One of the things I find challenging in the Lives of Saints and Blesseds is their struggle with being men (or women) of their age: Chrysostom could have been called with some justice an anti-Semite; Augustine an incompletely-converted Manichee or a proto-Calvinist; Charles de Foucauld a French imperialist (up to the end: had a cache of French military weapons in his hemitage at the time of his death, 1916); Cyril of Alexandria a mobocrat; Josemaria Escriva a Fascist; Thomas More a burner of heretics; John Paul II a naive gull of corrupt clergy --- I could go on.
I love all these men. They distanced themselves slowly and imperfectly from the sins of their age. They can be faulted for where they came from. I am far more interested in where they were going.
Here I say Finis. Peace to you. Peace to the soul of Dorothy Day.
In closing, I note that again you shift from the subject (Day) to others. As “what’s up” remarked in post 14, “You seem to be missing the point.” Your comments confuse the issue. For example, it’s nice to know you believe (post 11) the wage system is “not immoral” or “condemned”—it’s too bad that neither Day nor Peter Maurin would share your view.

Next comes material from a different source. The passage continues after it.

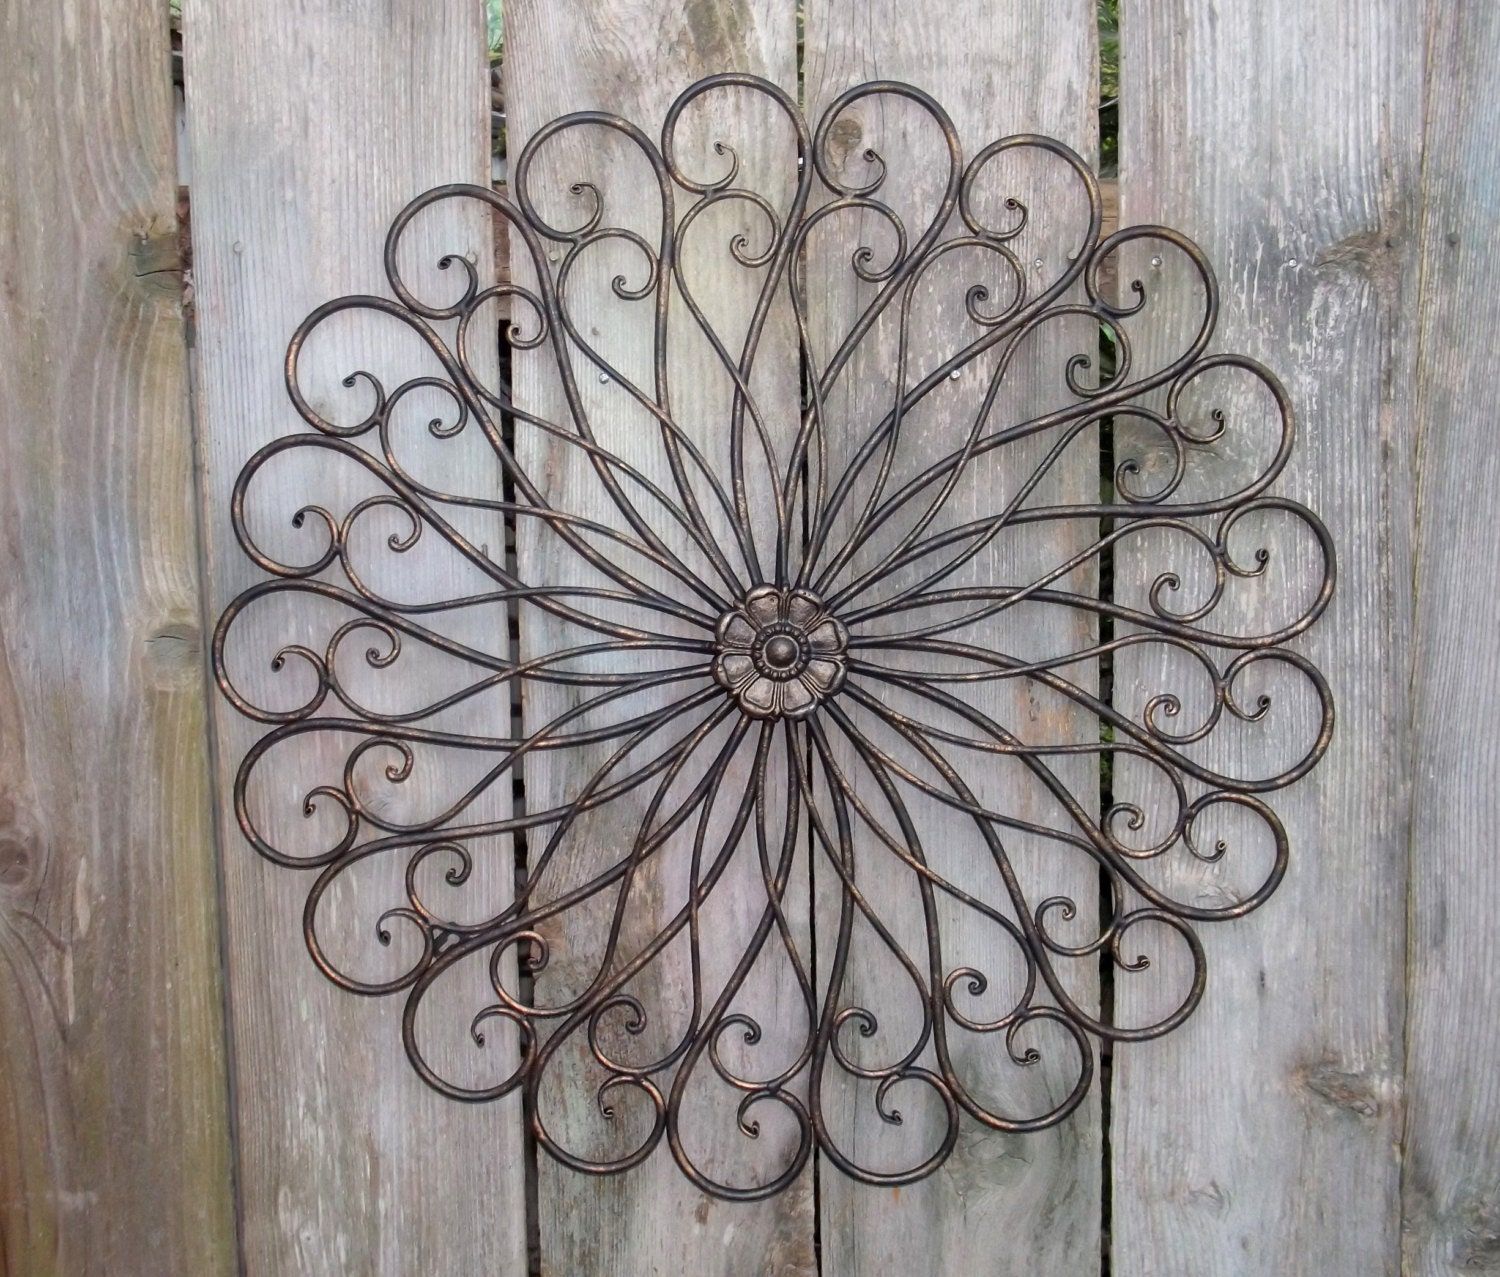 Rod Iron Wall Art – Wrought Iron Wall Art Metal Iron Frame Rustic Birds Inside Large Wall Decor Ornaments (View 2 of 15)

As Carol Byrne points out in “Complete Supplementary Notes to ‘The Catholic Worker [CW} Movement (1933-1980): A Critical Analysis,’’ for page 152:
Day stated that Peter shocked people by calling for an abolition of the wage system in CW May 1953.In CW April 1963, Day quoted Peter Maurin who reiterated the expression fire the bosses and also Work not Wages, Labour is not a commodity to be bought and sold.
Byrne’s notes can be read online at “Dorothy Day Another Way.”